** WORK ORDER **
Further down are entries; set down exactly and only the lines from the one with "Security camera isolated" up to and including the one with "8c70c469a70f0 Precios de", dropping each picture.

** EXCERPTED RECORDS **
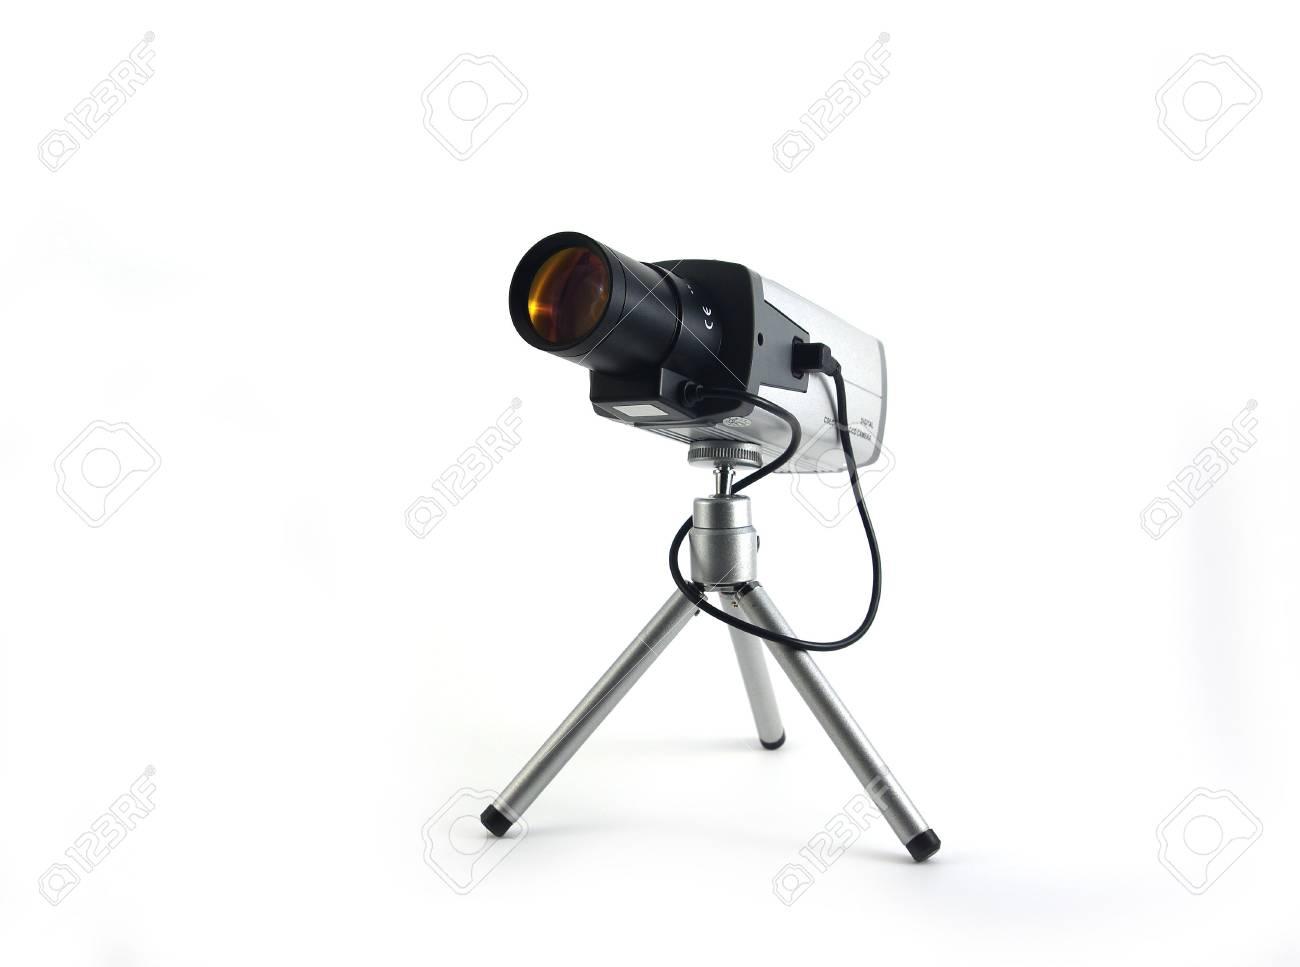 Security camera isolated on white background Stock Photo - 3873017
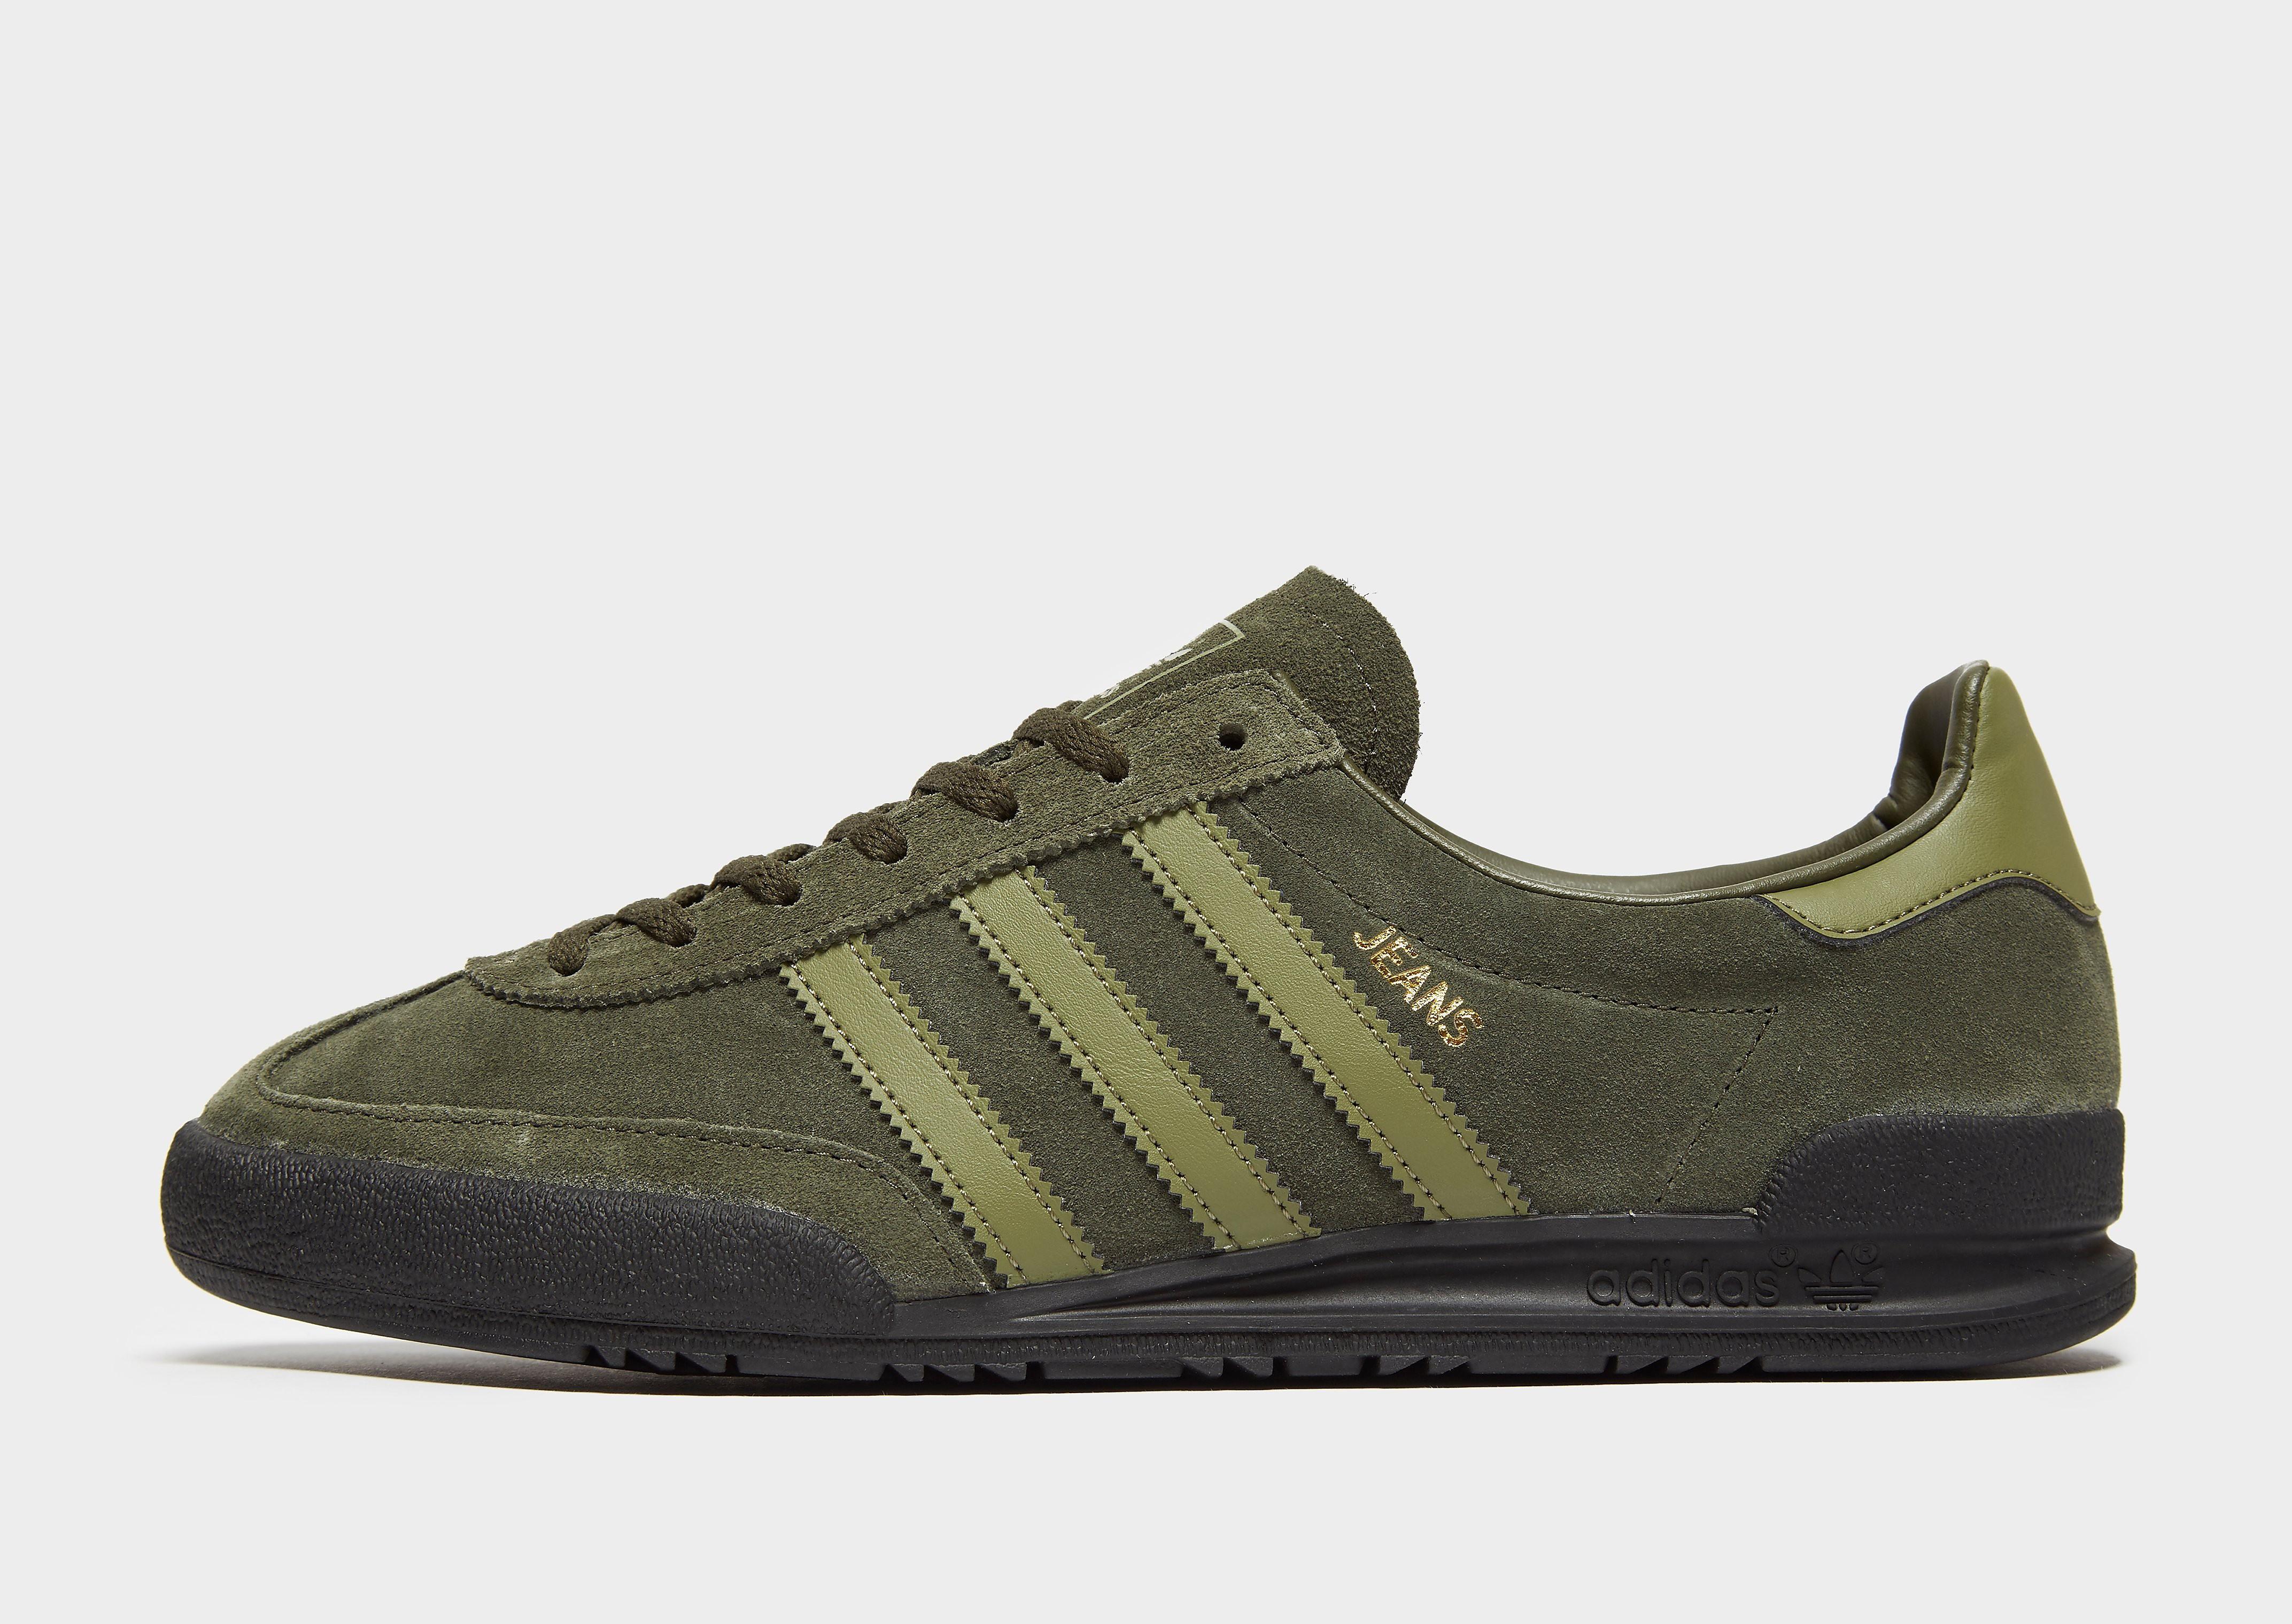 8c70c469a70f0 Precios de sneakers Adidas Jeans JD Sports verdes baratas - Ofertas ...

---

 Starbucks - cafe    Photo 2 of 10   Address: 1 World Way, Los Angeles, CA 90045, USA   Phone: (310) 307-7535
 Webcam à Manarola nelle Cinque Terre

** PROBLEM SOLUTION **
 Security camera isolated on white background Stock Photo - 3873017
 8c70c469a70f0 Precios de sneakers Adidas Jeans JD Sports verdes baratas - Ofertas ...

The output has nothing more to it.